The structure you'll get in the same as for the continous RW discussed at the
end of chapter 3 in the GMRF book

On Fri, 2024-05-31 at 13:22 +0300, Helpdesk (Haavard Rue) wrote:
>
>
> If you thinking of doing eq 2-4, you have to do that in rgeneric/cgeneric (use
> rgeneric for testing...), as the precision matrix will just be a simple band-
> matrix. 
>
> please see the vignette
>
> browseVignettes(package="INLA")
>
>
> (due to an error, some recent versions does not include it, so I attach the
> file).
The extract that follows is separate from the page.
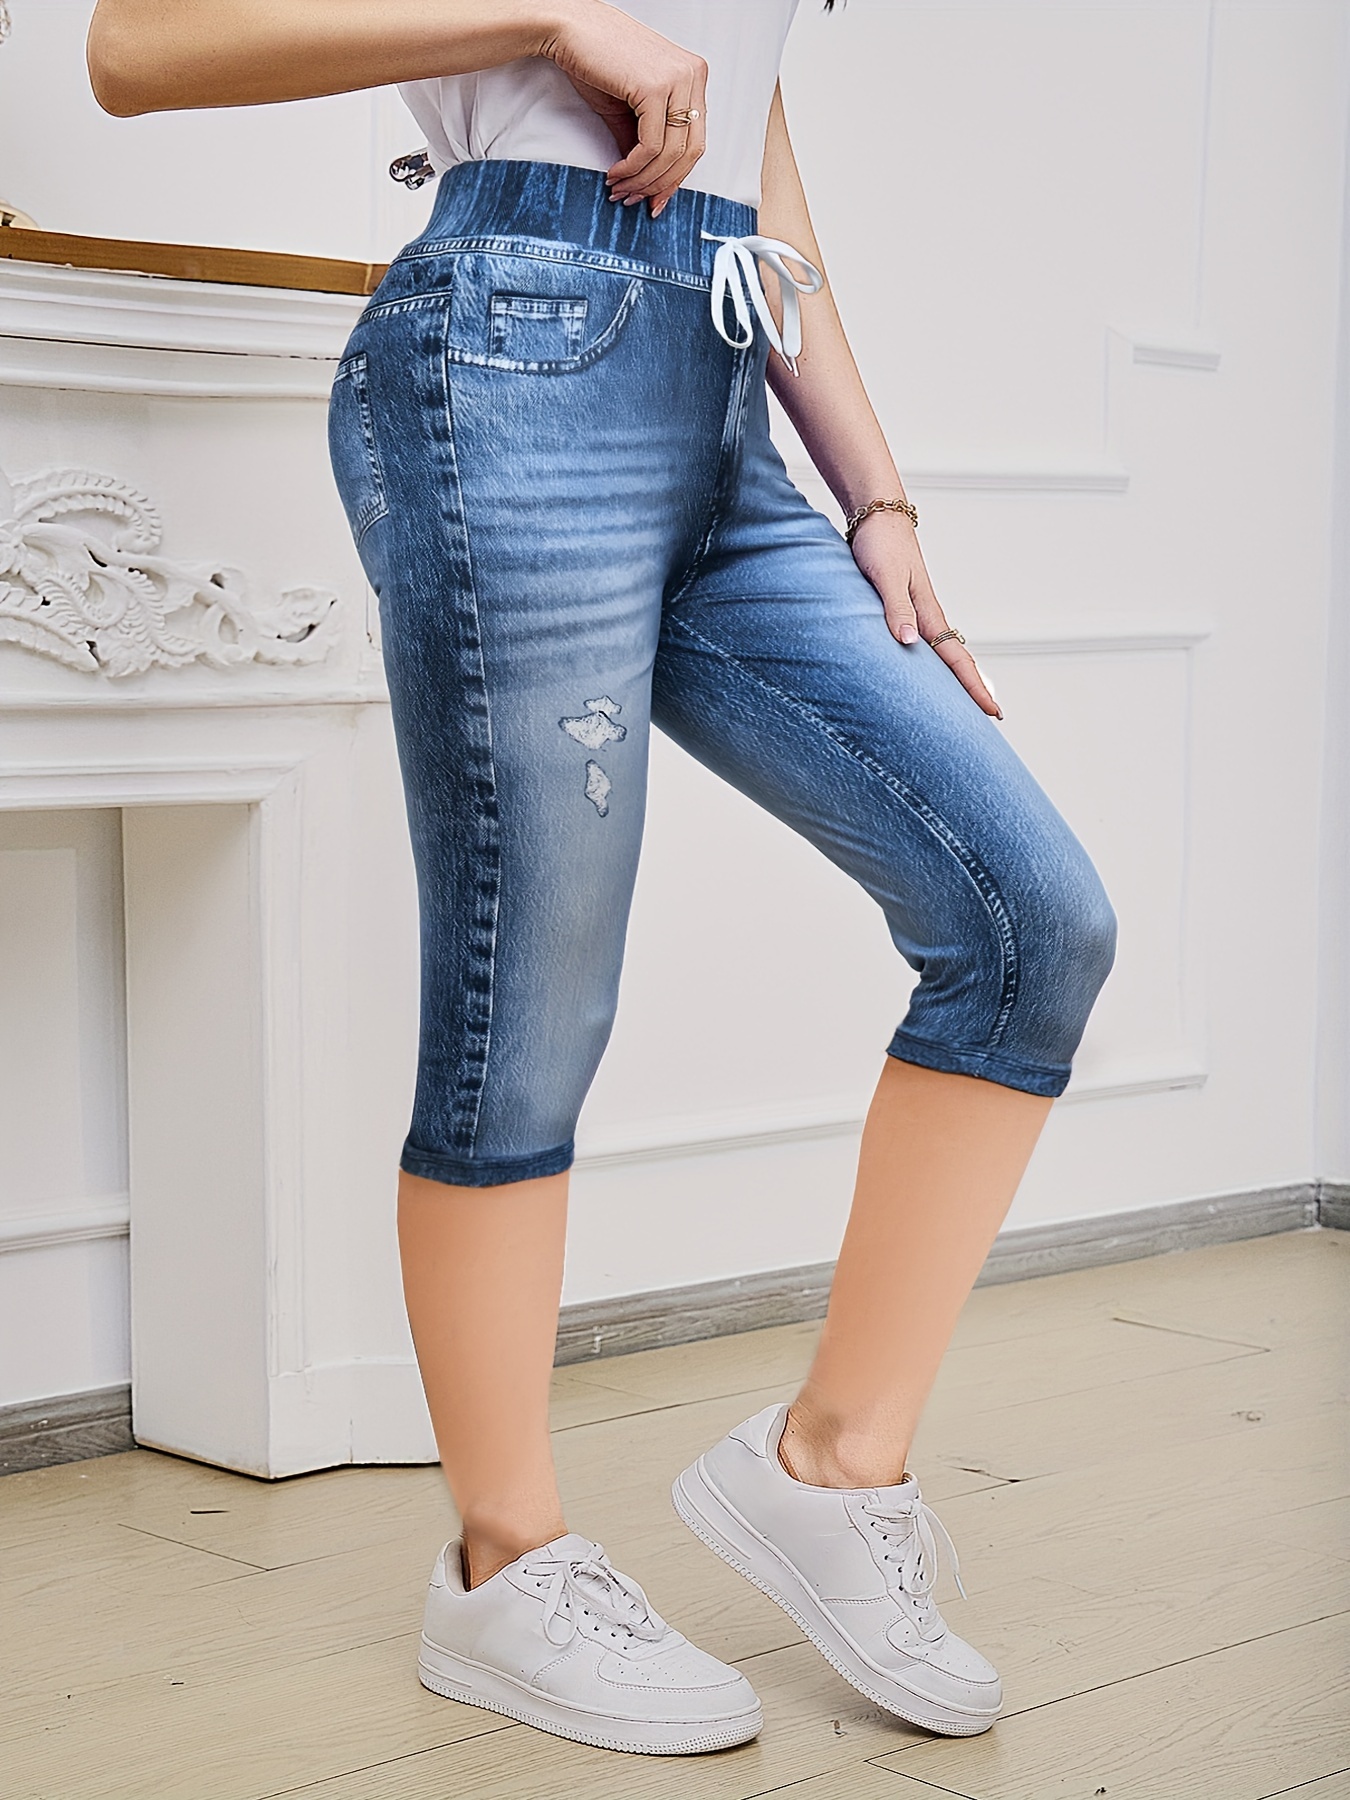 QUYUON Plus Size Womens Capris Fashion Plus Size Solid Button Zipper Casual  Pants Calf-Length Trousers Capris Jeans Stretch Female Capris Style Q42

Its there now, in the testing version with R-4.4
>
> H
>
>
>
>
>
>
>
>

[Nick Freymueller]

Thanks for your recommendations, Håvard. 

I've gotten some of the way through what a DCRW model would look like given the vignette you sent, the GMRF book, and the online gitbook. However, there are a few points for what I'd specify for the inla.rgeneric.define model that I'm still a bit confused on. I'm not sure how to specify the bivariate nature of mu or how to specify the auto-regressive parts of this. Additionally, I'm not sure exactly what I'd specify for the precision matrix and normalizing constants. I get where the non-zero elements in the precision matrix are supposed to be given the structure of the model, but I'm lost as to how exactly to populate these non-zero elements. 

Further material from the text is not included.